INFORMATION PROVIDED:
* * *

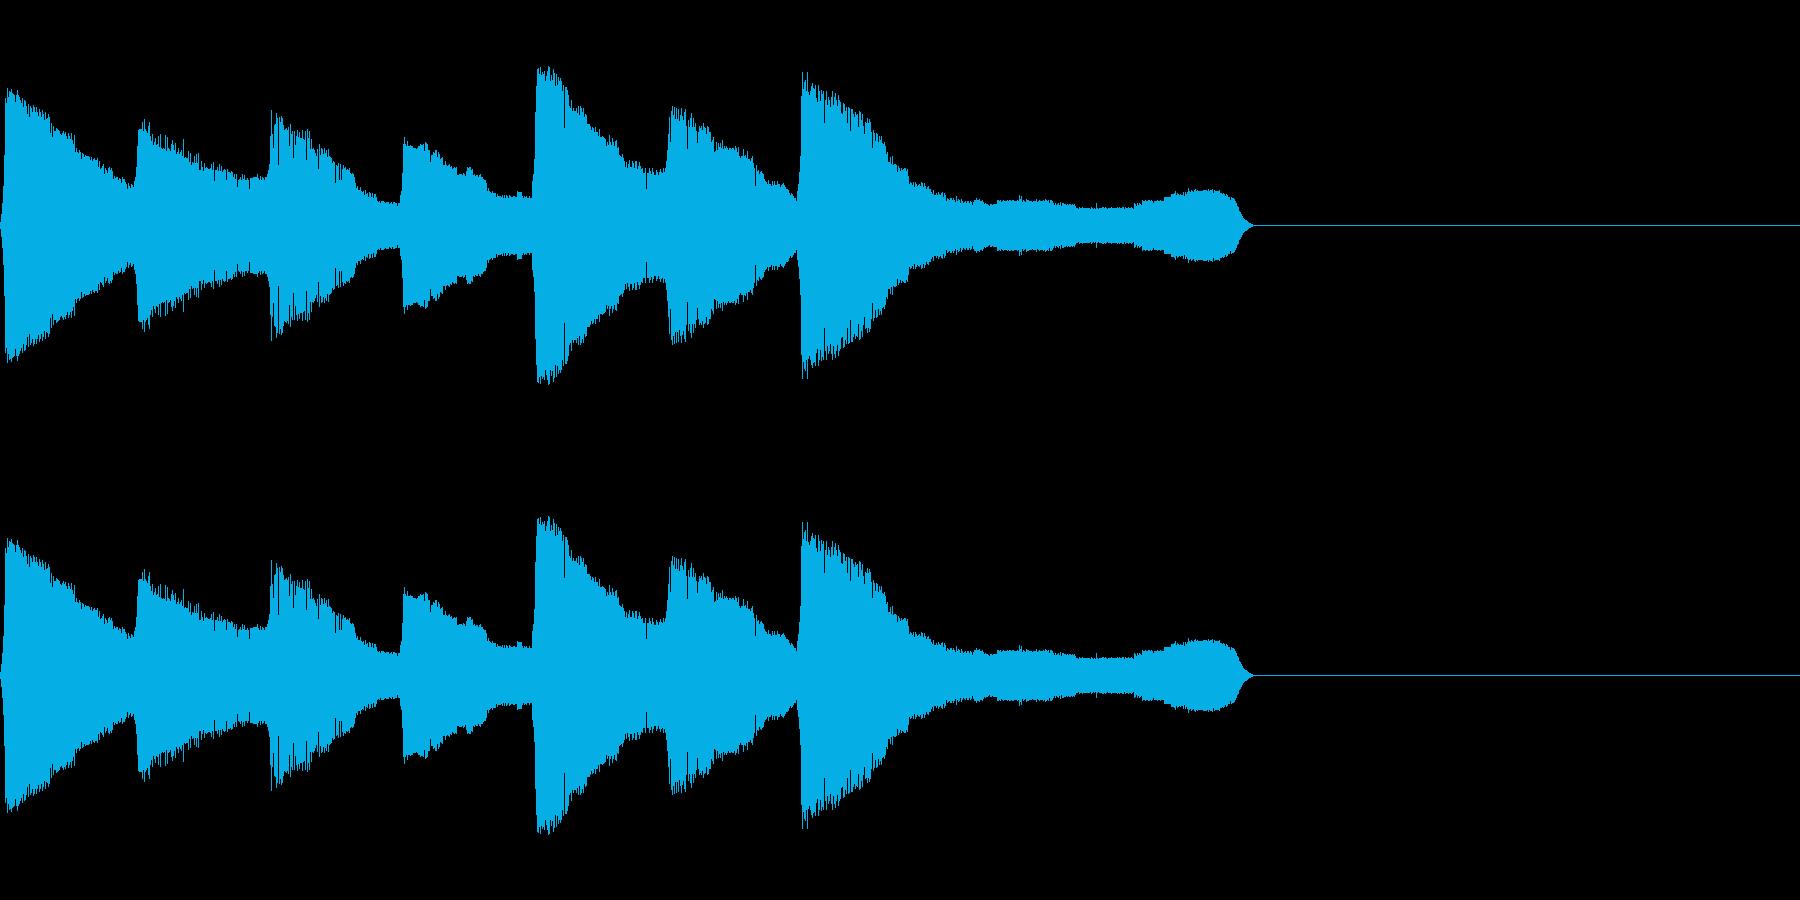 チャララララ(回復クリア/ファミコン#2の再生済みの波形
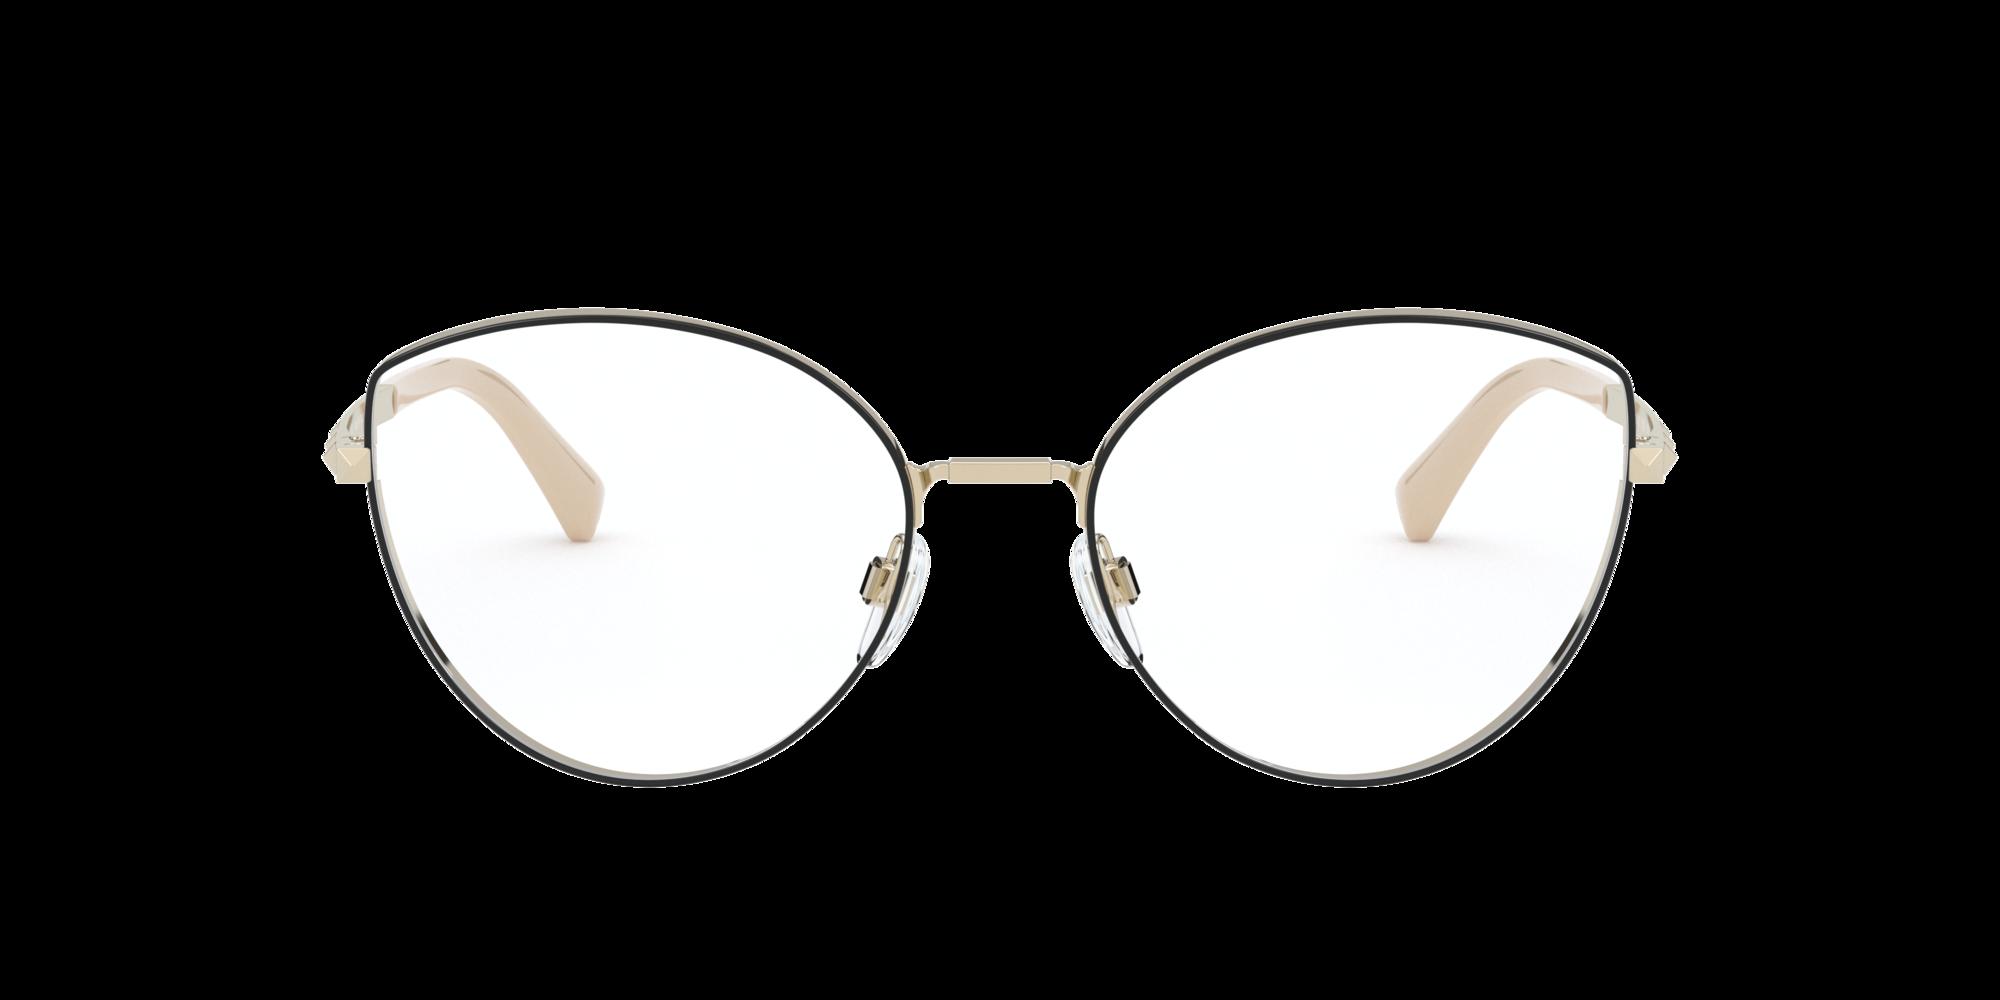 Imagen para VA1018 de LensCrafters |  Espejuelos, espejuelos graduados en línea, gafas
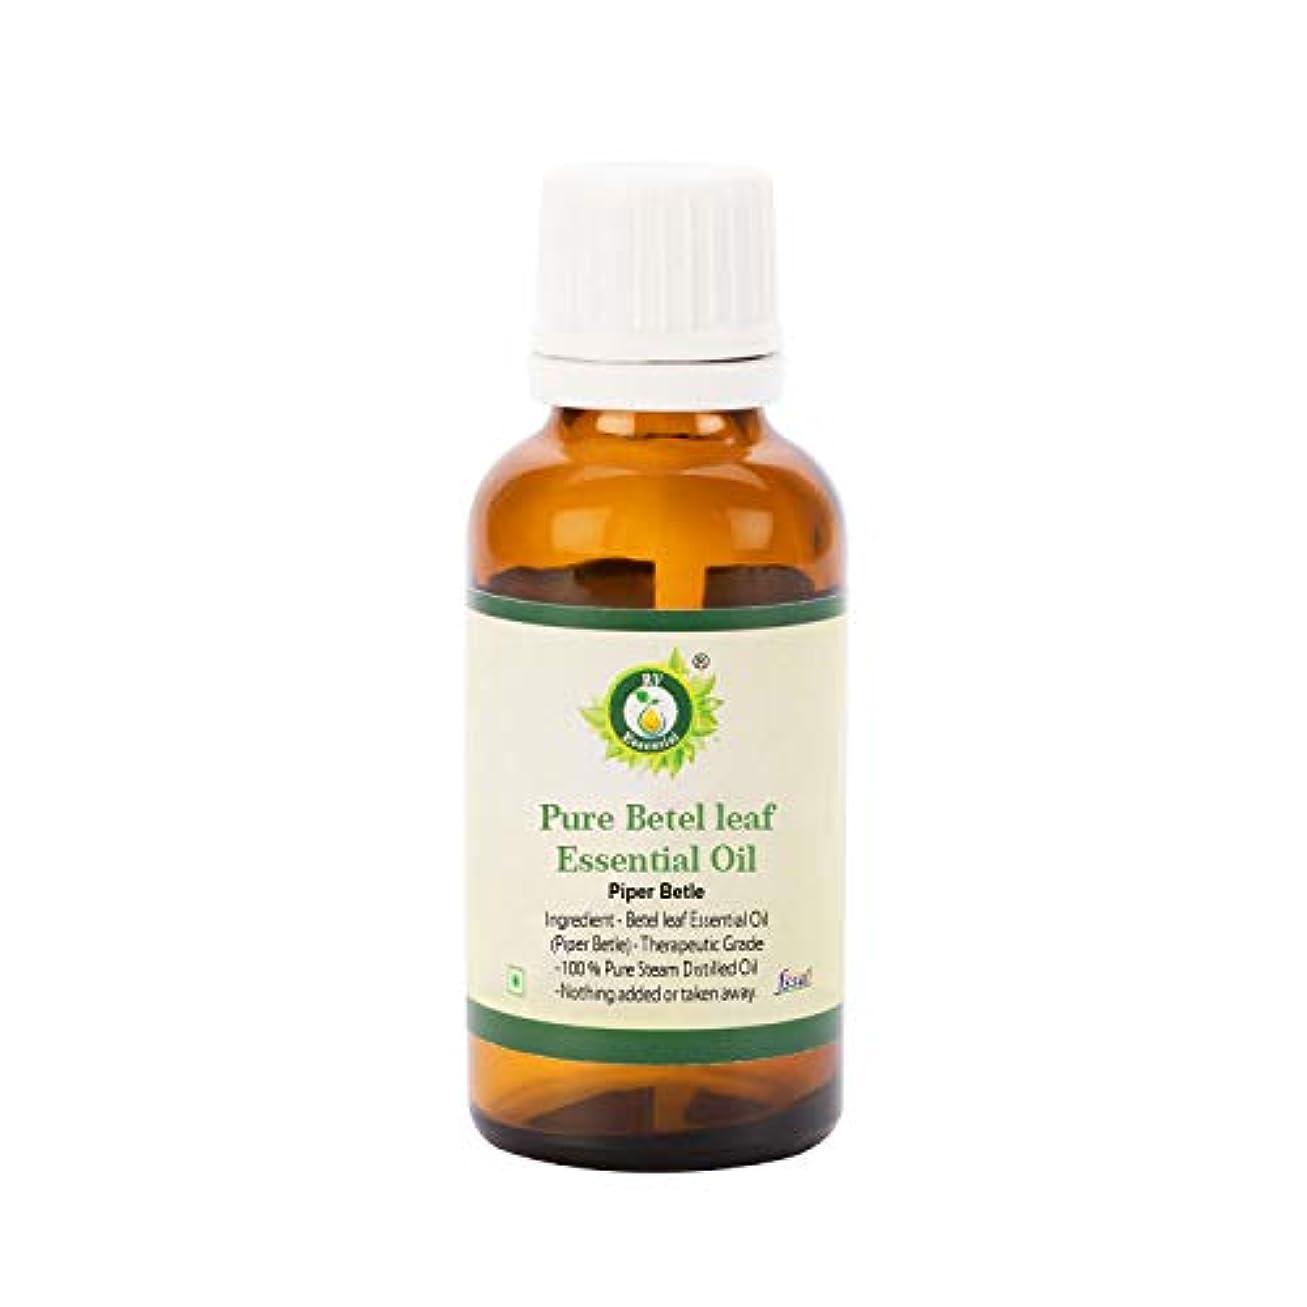 学士大きい上R V Essential ピュアBetel葉エッセンシャルオイル15ml (0.507oz)- Piper Betle (100%純粋&天然スチームDistilled) Pure Betel leaf Essential...
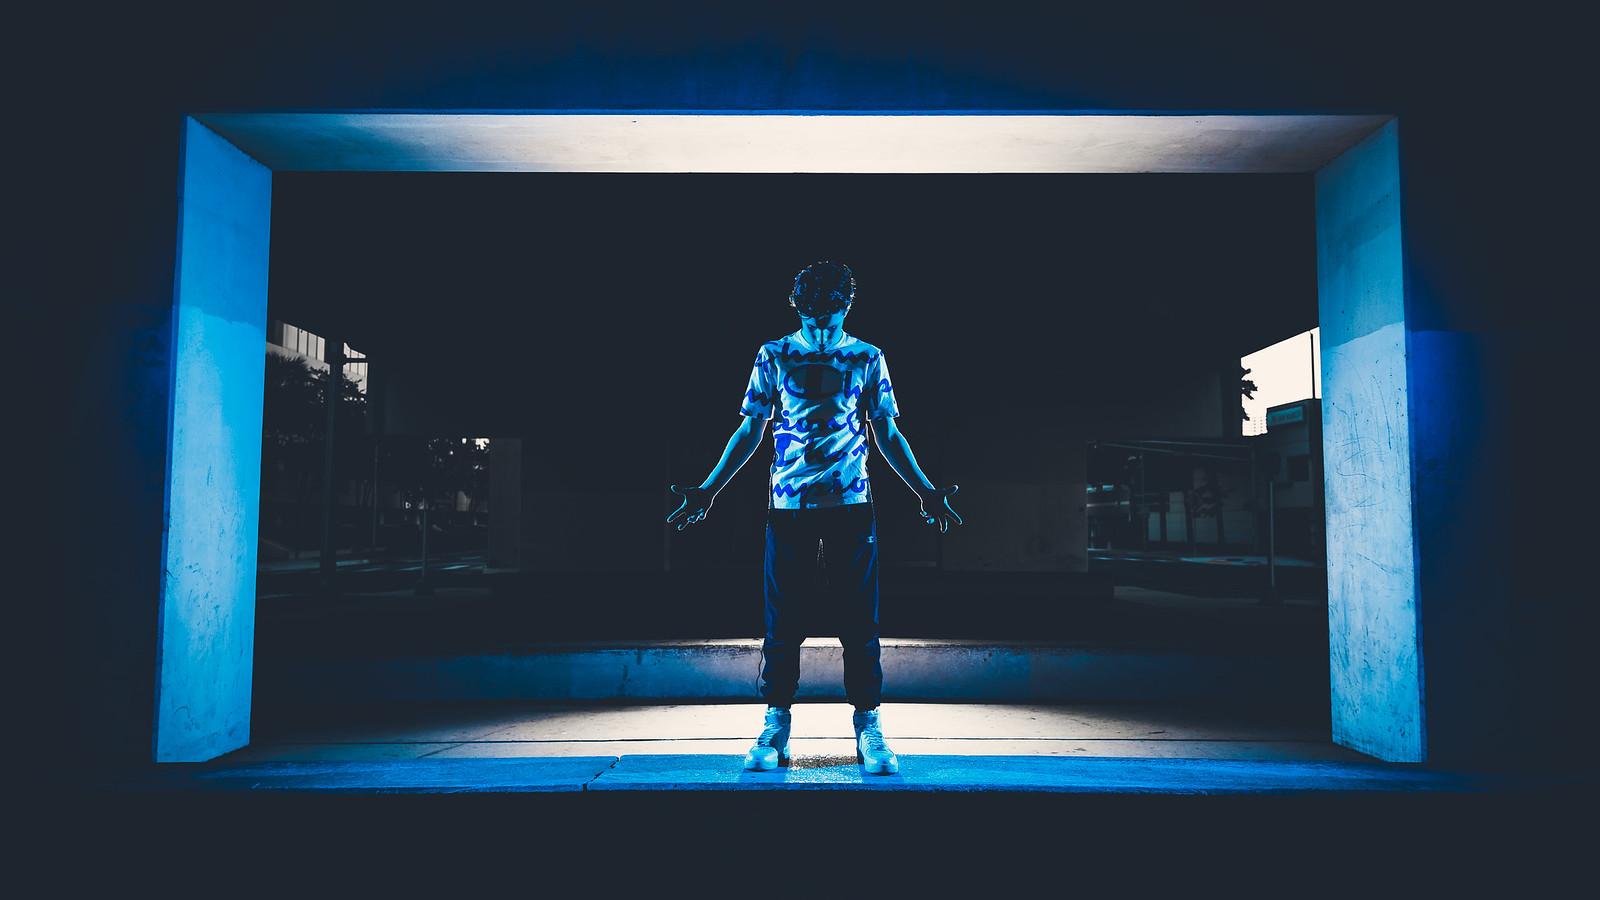 adam-szarmack-jacksonville-dance-photography-1.jpg

* * *

TRY IT:
The required output is the listing above reproduced exactly, pictures removed.

RESPONSE TO THE TASK:
 チャララララ(回復クリア/ファミコン#2の再生済みの波形
 Imagen para VA1018 de LensCrafters |  Espejuelos, espejuelos graduados en línea, gafas
 学士大きい上R V Essential ピュアBetel葉エッセンシャルオイル15ml (0.507oz)- Piper Betle (100%純粋&天然スチームDistilled) Pure Betel leaf Essential...
 adam-szarmack-jacksonville-dance-photography-1.jpg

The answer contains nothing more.